About
The ability to perceive and estimate temporal dynamics can be considered as one of the central elements of intelligent biological agents – equipped with a model of their environment. Similarly, if one takes the view that an agent’s (internal) model is its primary guide to behaviour, the ability to learn appropriate temporal representations and employ them for action selection is a crucial consideration in reinforcement learning (RL).

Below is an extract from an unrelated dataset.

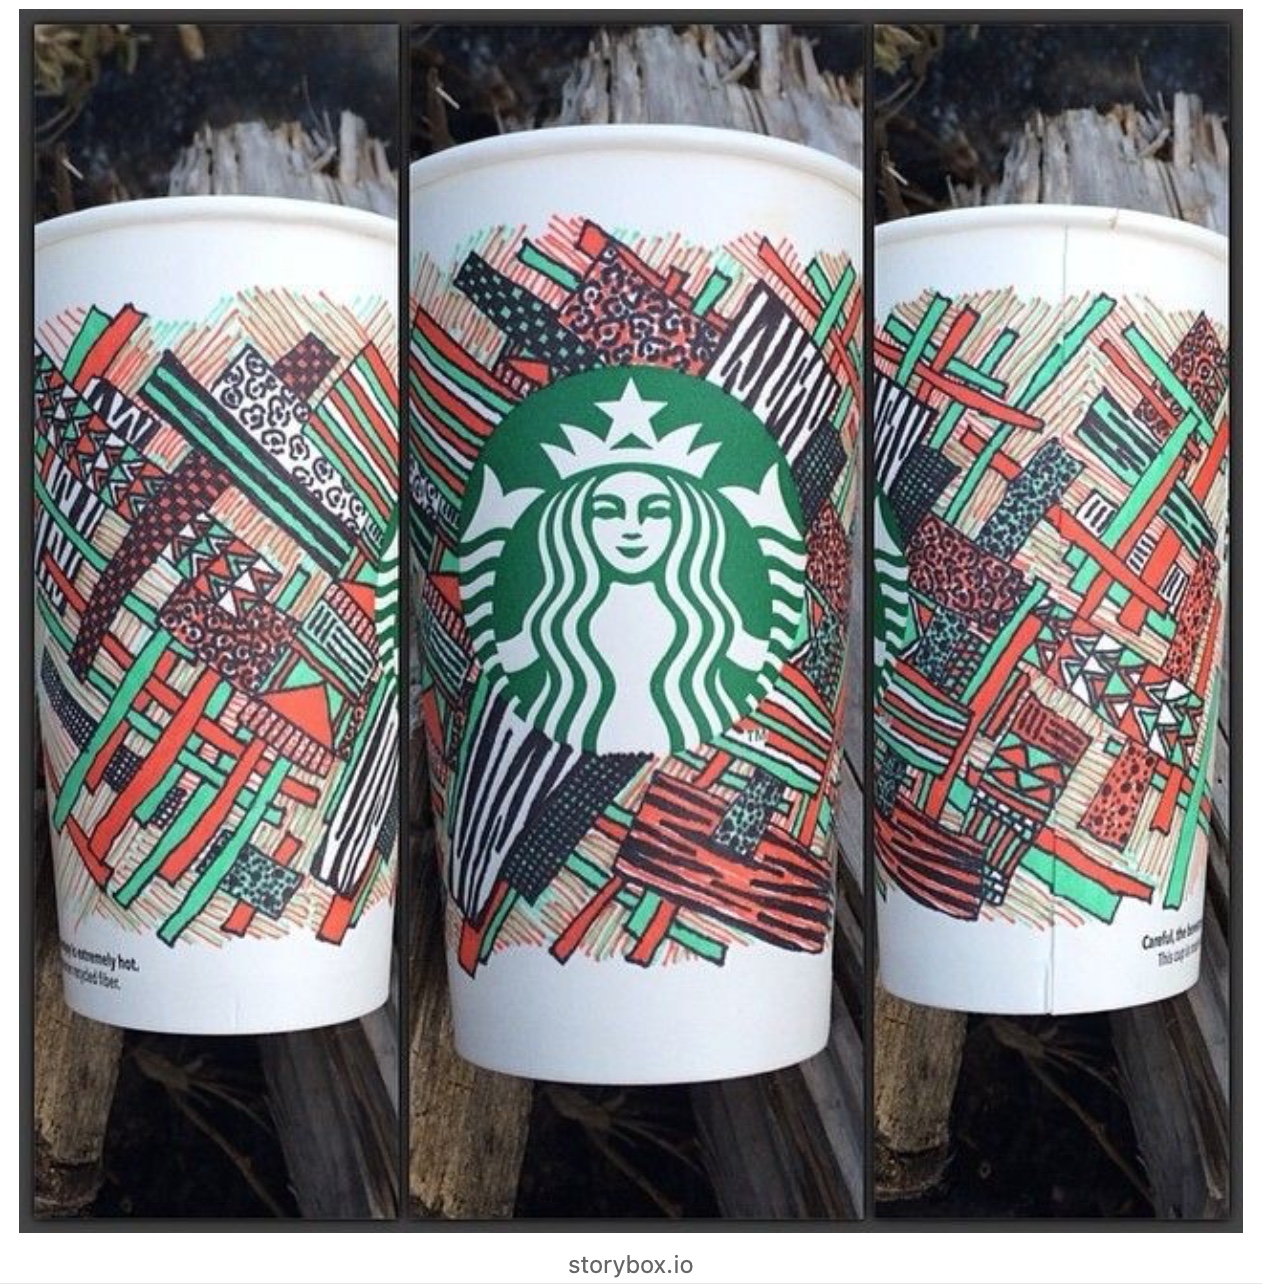 UGC – Starbucks Becher bemalt

Currently, RL agents have matured such that model-based unsupervised approaches achieve competitive and even SOTA behaviours (for instance, MuZero - Schrittwieser et al. 2020, or DreamerV2 - Hafner et al. 2020). However, these models tend to operate over a physical timescale aligned with the shift in environment dynamics. Consequently, further considerations are required to mimic the types of spatio-temporal representations observed in neuronal responses – operating at both subjective and objective (physical) timescales. Indeed, a large amount of neuroimaging and modeling studies in cognitive science have been focused on explaining temporal representations and how they influence human behaviour (using neural networks and Bayesian inference) e.g., Jazayeri & Shadlen (2010), Roseboom et al. (2019), Deverett et al. (2019), Fountas et al. (2022).
TRiRL will bring together experts in model-based RL and neuroscientists working on the brain’s ability to represent time, in order to exchange insights, brainstorm, and encourage a multi-angle discussion on this important topic.
Speakers
Richard SuttonDeepMind, Amii and University of Alberta "Some Foundations of Temporal Representations" |
Marc HowardBoston University "Temporal memory in the brain and reinforcement learning"
|
Ida MomennejadMicrosoft Research Temporal Abstraction in Biological and Artificial RL
|
Schedule
Time | Agenda | Details |
---|---|---|
1:00 - 1:15 | Introduction | A short introduction to the topic and the workshop structure by the organisers. |
1:15 - 3:00 | Keynote speakers | Three keynote presentations will last approxmately 35 minutes each including questions. |
3:00 - 3:15 | Break / Group allocation | During a coffee break, the participants will be divided into moderated groups with the aim to maintain diversity in levels of seniority and field of expertise. |
3:15 - 4:20 | Group discussions | All groups will be given a list of open problems in the field to discuss and propose solutions. |
4:25 - 4:55 | Panel with questions | Each group will nominate representative to present the outcome of the discussion and defend the group’s position to the rest of the workshop participants, including online participants. |
4:55 - 5:00 | Closing remarks | In closing remarks, the results of the panel discussion will be summarised. |
5:00 | Social event | Participants who are physically present will be encouraged to attend a social event organised by the workshop to continue the discussion |
RLDM requires speakers and active participants to be physically present in the workshop. However, we plan to stream the whole program and we encourage online participants to submit questions online, which we will try to convey during the group and panel discussions. Finally, the most important outcomes of TRiRL will be formally described in opinion papers organised by the group moderators and written by willing participants after the workshop.
Organisers
Warrick Roseboom
University of Sussex
Panagiotis Tigas
University of Oxford
Mailing list
Sign up to receive the latest updates on the event (programme announcement and livestream):
References
- Deverett, B., Faulkner, R., Fortunato, M., Wayne, G. & Leibo, J. Z. (2019), ‘Interval timing in deep reinforcement learning agents’, Advances in Neural Information Processing Systems 32.
- Fountas, Z., Sylaidi, A., Nikiforou, K., Seth, A. K., Shanahan, M. & Roseboom, W. (2022), ‘A predictive processing model of episodic memory and time perception’, (in press) Neural Computation.
- Hafner, D., Lillicrap, T., Fischer, I., Villegas, R., Ha, D., Lee, H. & Davidson, J. (2019), Learning latent dynamics for planning from pixels, in ‘International conference on machine learning’, PMLR, pp. 2555–2565.
- Jazayeri, M. & Shadlen, M. N. (2010), ‘Temporal context calibrates interval timing’, Nature neuro- science 13(8), 1020–1026.
- Roseboom, W., Fountas, Z., Nikiforou, K., Bhowmik, D., Shanahan, M. & Seth, A. K. (2019), ‘Activity in perceptual classification networks as a basis for human subjective time perception’, Nature communications 10(1), 1–9.